Overview of the remote-controlled ultrasound scan over public 5G network
British Telecom (BT) , University Hospitals Birmingham NHS Foundation Trust (UHB) , Medical Devices Testing and Evaluation Centre (MD-TEC), WM5G and jointly demostrated remote-controlled ultrasound scan over public 5G network.
The demonstration simulates a paramedic in the field performing an ultrasound scan on a patient, under the remote guidance of a clinician who is able to interpret the ultrasound image in real-time. The ultrasound sensor is manipulated locally by the paramedic under the remote direction of the clinician. This is done using a joystick operated remotely by the clinician which sends control signals over the live 5G network to a robotic or ‘haptic’ glove worn by the paramedic.
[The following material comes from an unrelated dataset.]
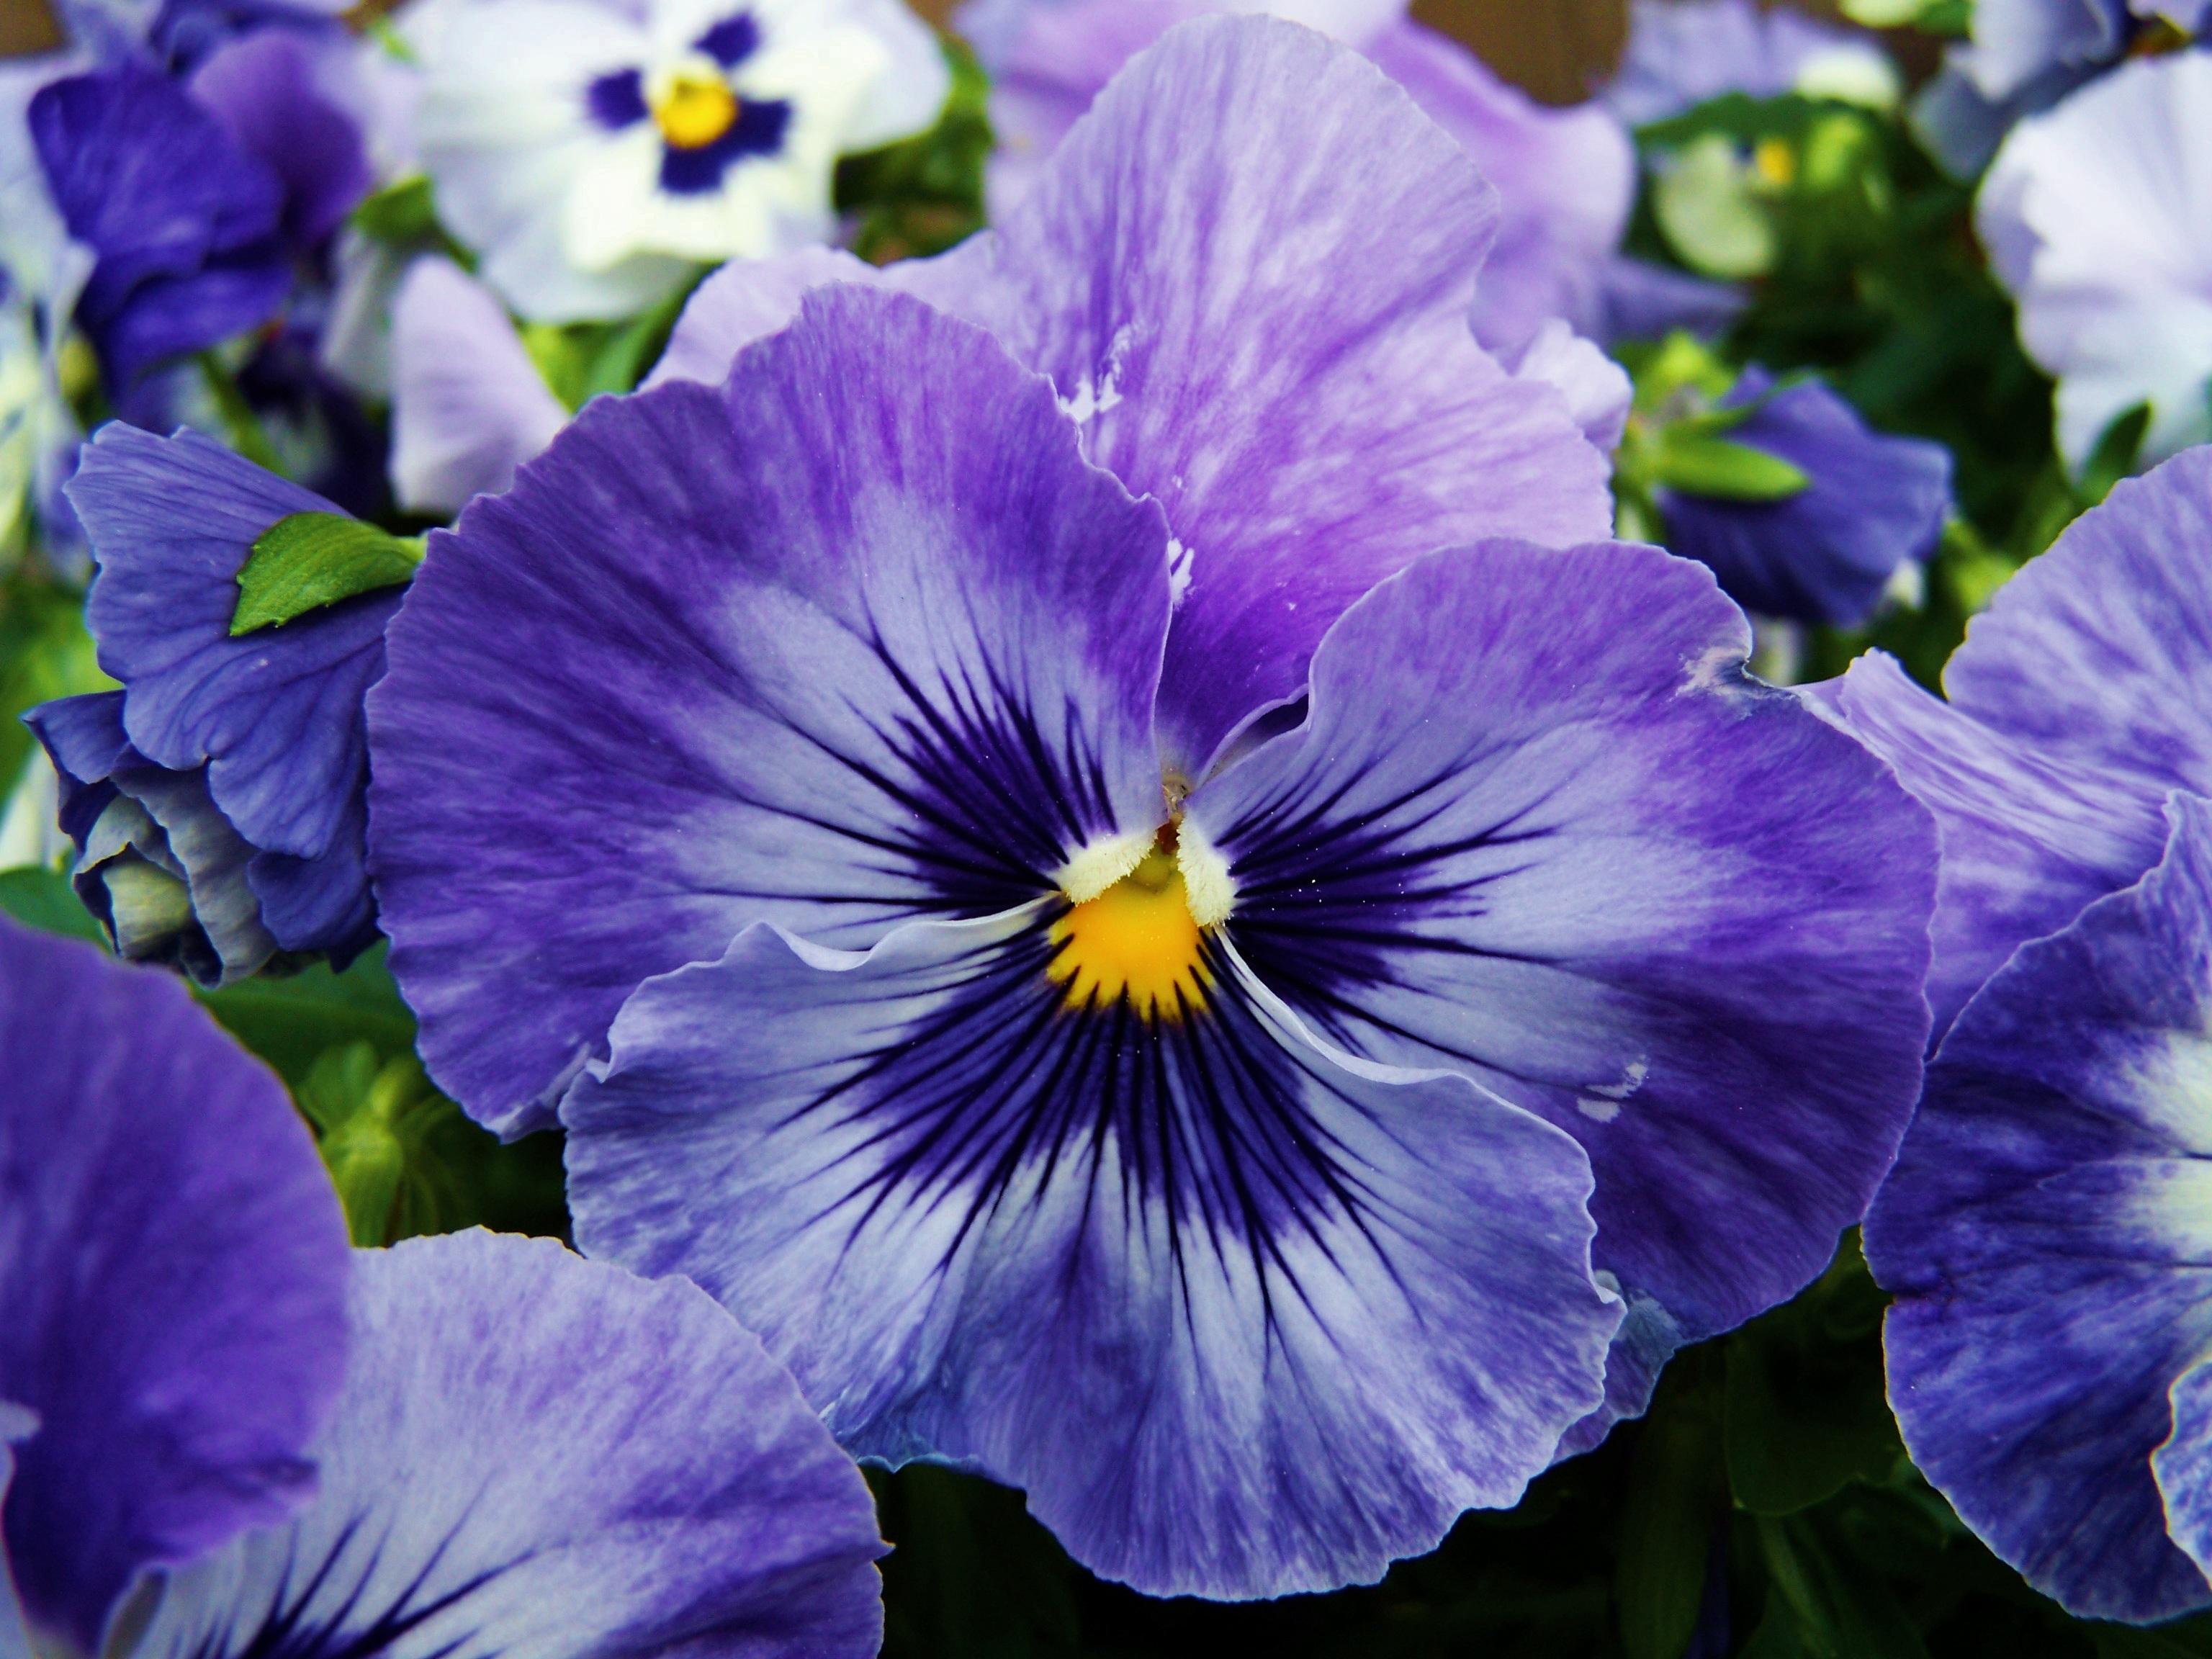 Free Images Petal Flora Iris Eye Flower Garden Spring Flower

The glove creates small vibrations that direct the paramedic’s hand to where the clinician wants the ultrasound sensor to be moved. This allows the clinician to remotely control the sensor position, whilst seeing the ultrasound images in real-time.
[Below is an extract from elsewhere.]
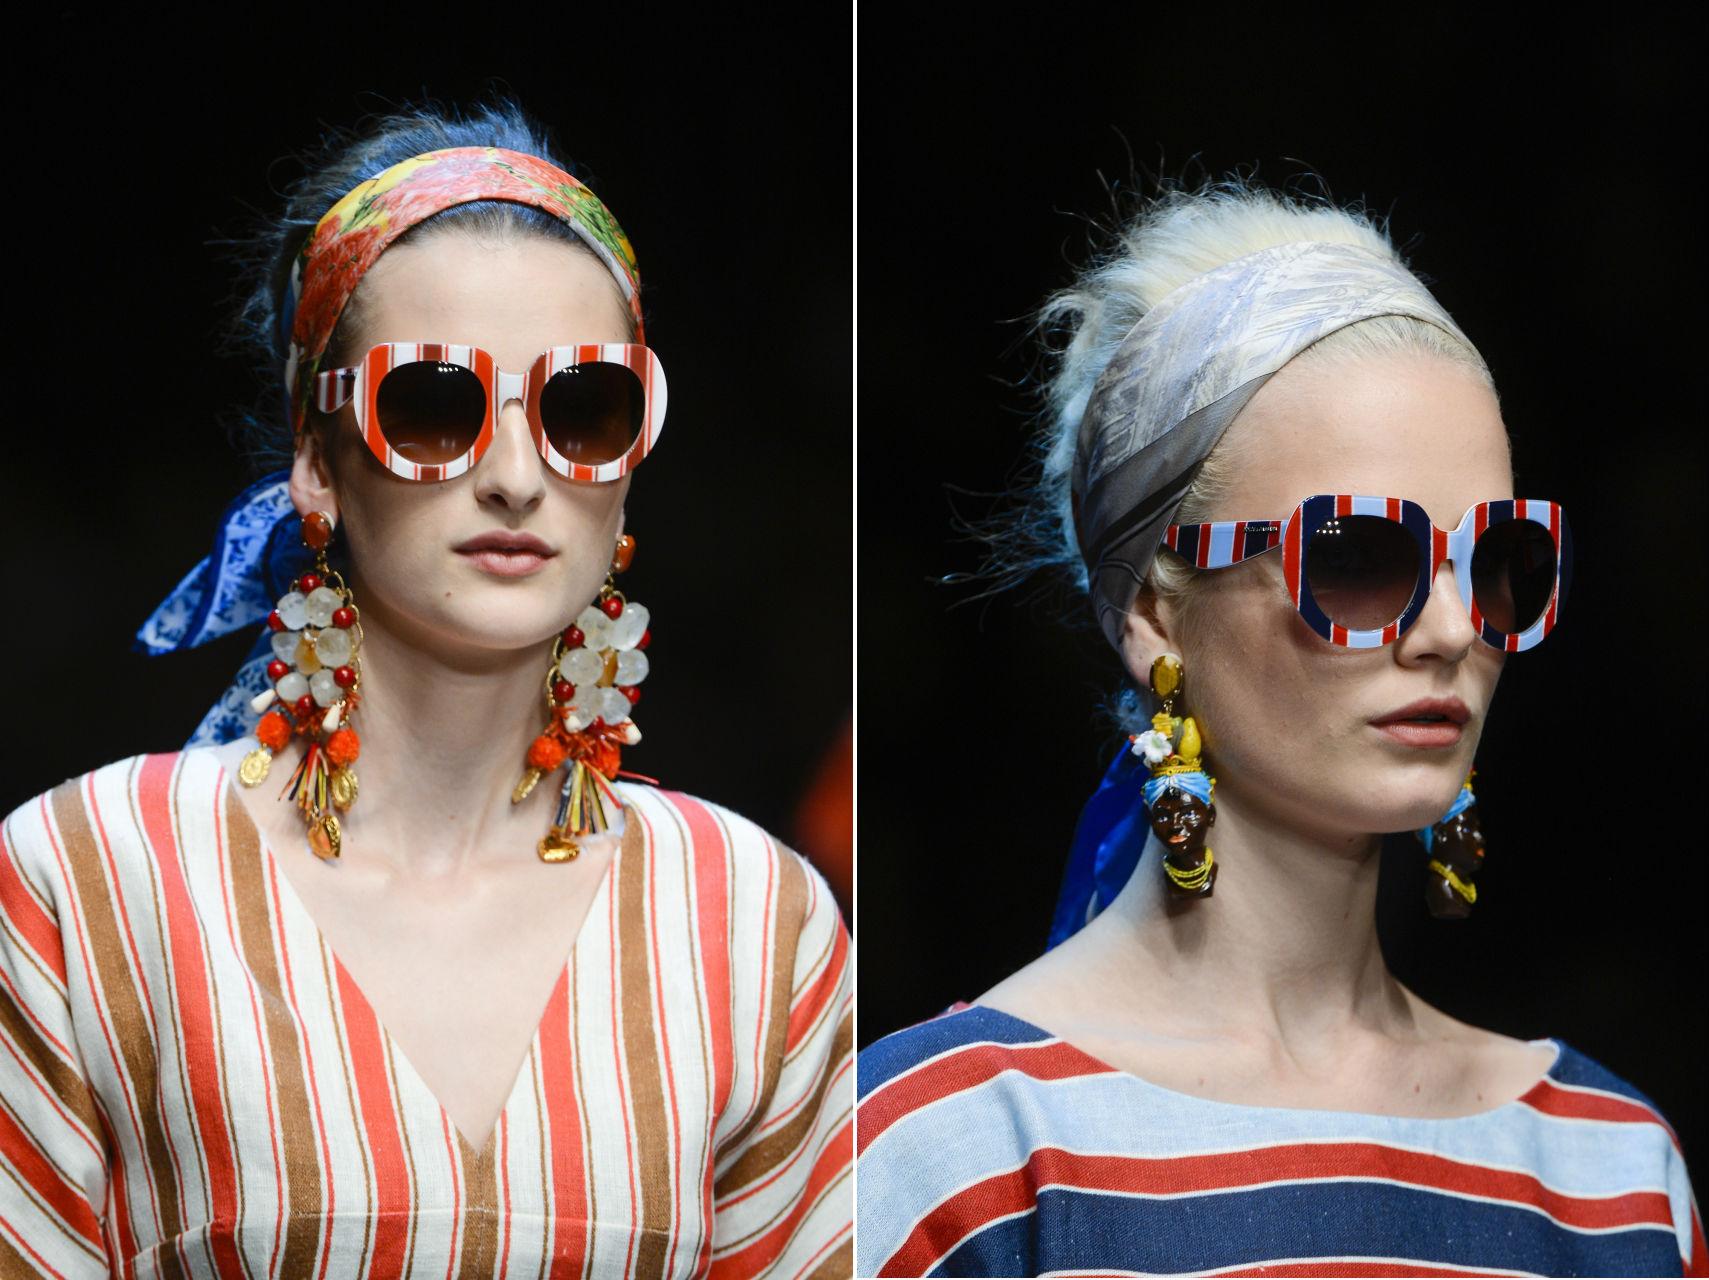 c361c8aee851 Dolce Gabbana » Мода 2013-2015 - фото, тенденции, дизайнеры, бренды ...

In addition, there is a camera in the ambulance which transmits in high definition a view of the inside of the ambulance covering the patient and paramedic to a second screen located on the clinician’s workstation. The images are relayed over a high-bandwidth 5G connection, so the clinician is able to view both the ultrasound examination performed by the paramedic and keep an eye on the overall scene inside the ambulance. The superfast speeds of 5G ensure sharper and more reliable imagery for the clinician than could previously be achieved.
Ultrasonography is the second most common diagnostic test reported by the NHS, with more than 9.5 million carried out last year in England alone. On average, 408,000 patients attend University Hospitals Birmingham Emergency Departments each year, with 113,500 of these patients using an ambulance.
With BT’s EE mobile arm recently switching parts of Birmingham on to the UK’s first 5G services, the company is working with WM5G to illustrate how the technology can deliver significant benefits to the NHS and the wellbeing of citizens across the West Midlands region.
Communication service provider for 5G connectivity
British Telecom (BT) provided mobile connectivity for this use case, to showcase remote-controlled ultrasound scan over public 5G network.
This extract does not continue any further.